FROM THIS EPISODE
President Trump has released his proposed budget, with massive reductions to the State Department, the EPA, the arts, science and America's poor. His White House Budget Director provided a rationale today on CBS This Morning. Mick Mulvaney said that the President wants more money for defense, law enforcement, veterans and school choice, and that he want do to that without adding to the deficit. Christopher Ingraham, who reports for the Washington Post's Wonkblog, says that early response from Republicans is measured, though several have called some of the cuts non-starters.
Late last year, Donald Trump tweeted that, the United Nations had become, "Just a club for people to get together, talk and have a good time." His budget proposal released today includes massive cuts to the State Department and in US contributions to UN programs, including peacekeeping and environmental protection. UN critics say it's about time. But whatever the UN's shortcomings, supporters call reversing decades of US policy a threat to international order…and a risk to America's own national security.
Colum Lynch, Foreign Policy Magazine (@columlynch)
Tomicah Tillemann, New America (@TomicahTD)
Claudia Rosett, Independent Women's Forum (@CRosett)
Hans van de Weerd, International Rescue Committee / Refugee Council USA (@hansvandeweerd)
Sebastian Gorka is called the Presidents "top counter-terrorism advisor" and he's a major supporter of the controversial travel ban. But at one of January's inaugural festivities he wore a medal in his lapel that raised questions about a possible affiliation with an anti-Semitic group. Now he faces questions about his own right to citizenship.

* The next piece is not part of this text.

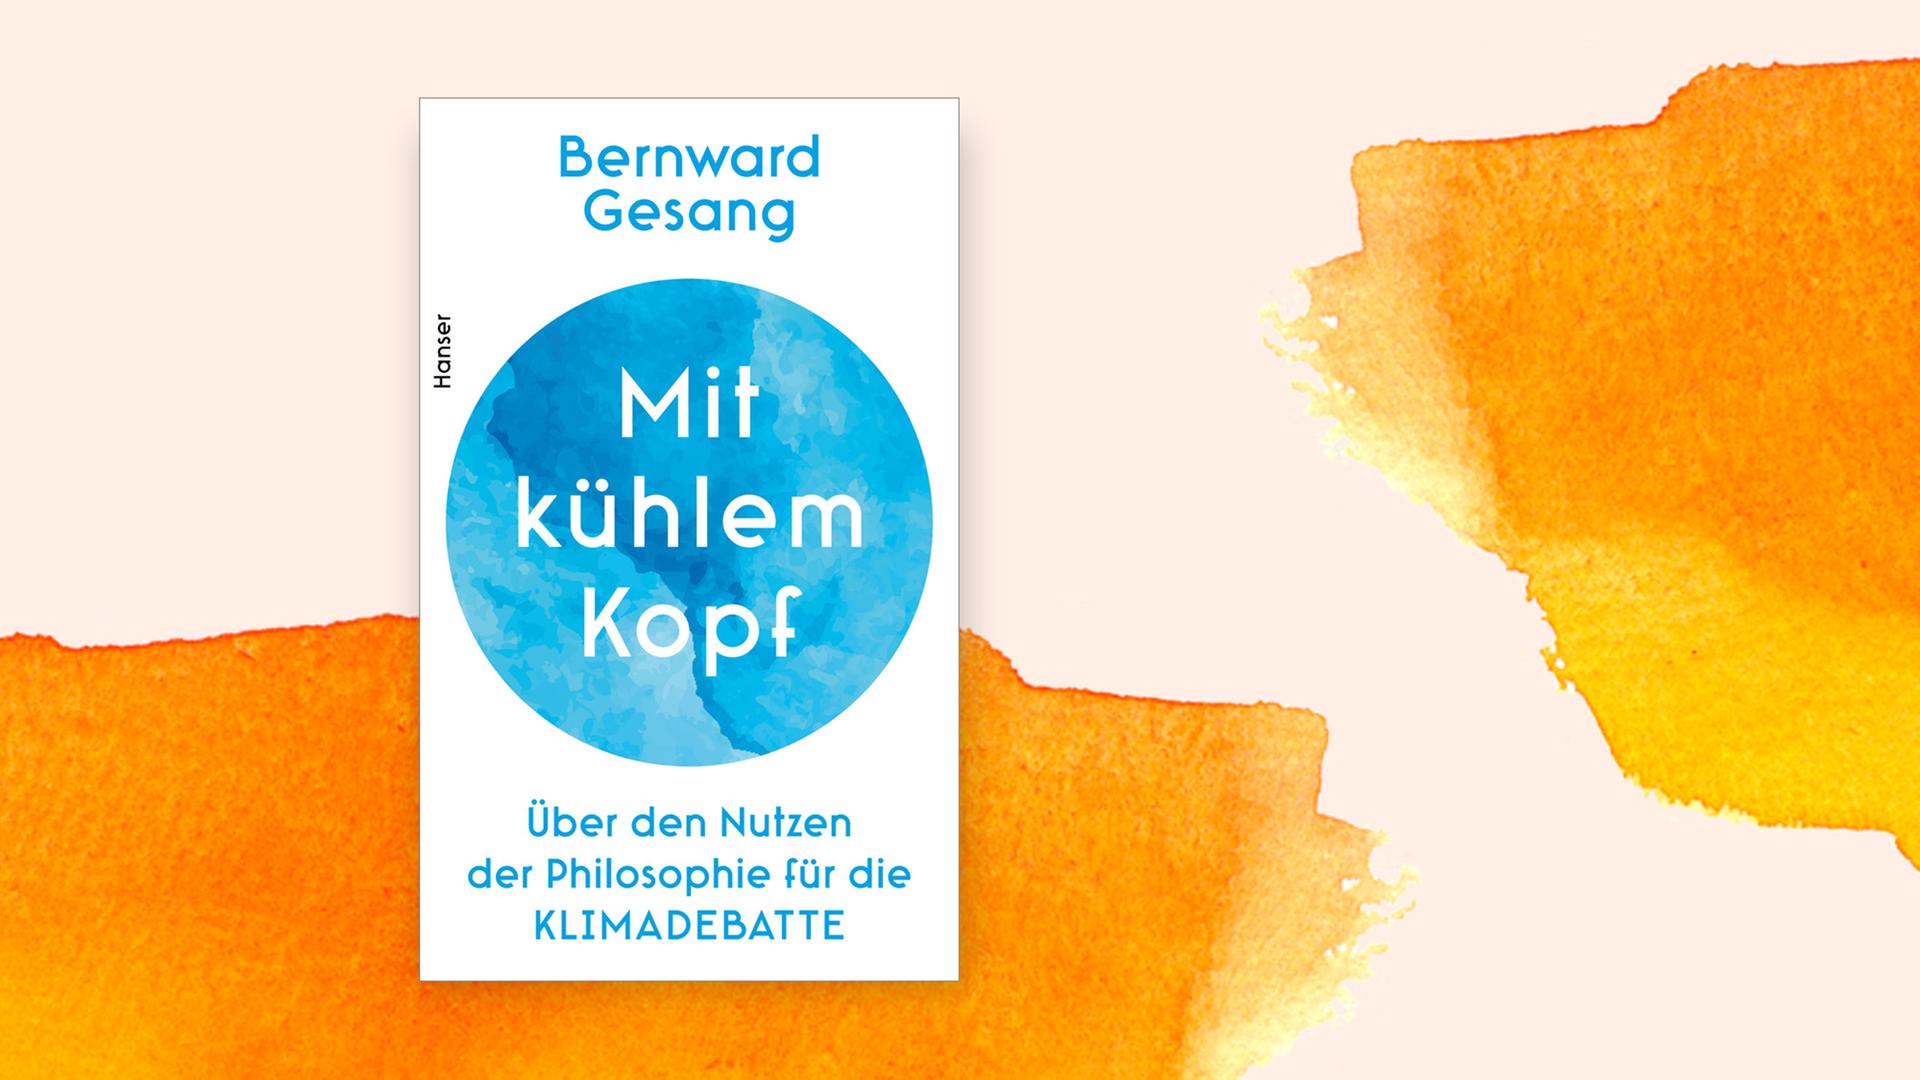 Das Cover von Bernward Gesangs Buch "Mit kühlem Kopf" auf orangefarbenem Aquarell.
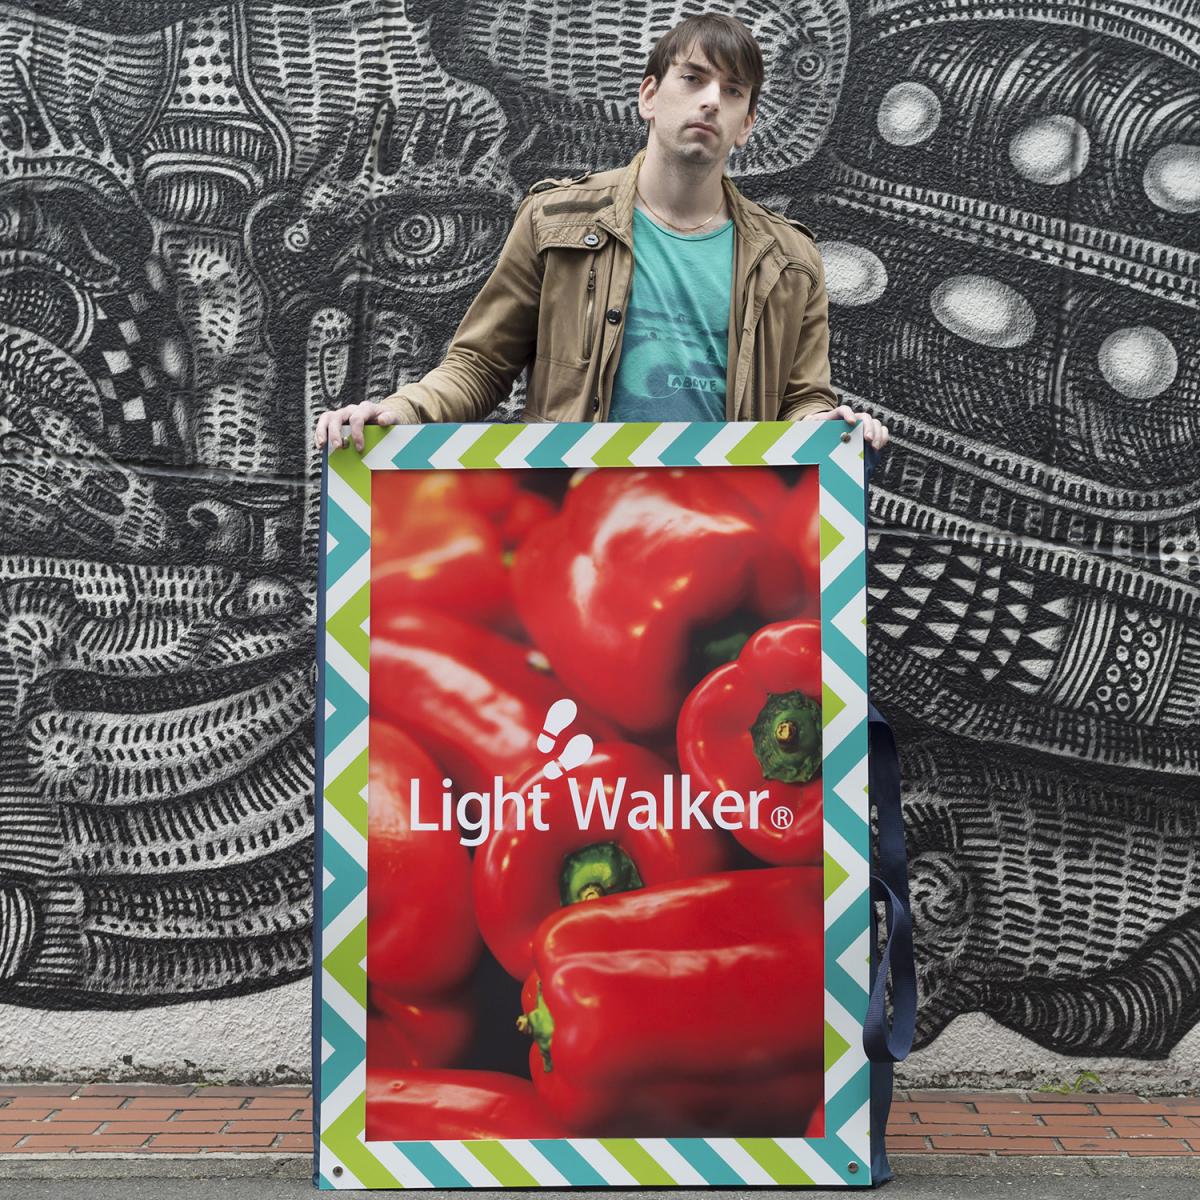 Light Walker,Light Walker is a ultra-light portable sign board with a LED backlit film poster.

Photo: Sebastian Gorka/Facebook
Earlier this year on Fox News, Gorka defended the travel ban, saying that the president was elected to protect the US. "The idea that we allow anybody into this country is an act of political suicide. If the word nation is to have a meaning, every nation has the right to decide who comes into our country." Larry Cohler-Esses, editor for special projects at Forward, a news organization covering political and cultural issues for Jewish readers, picks up the story from there.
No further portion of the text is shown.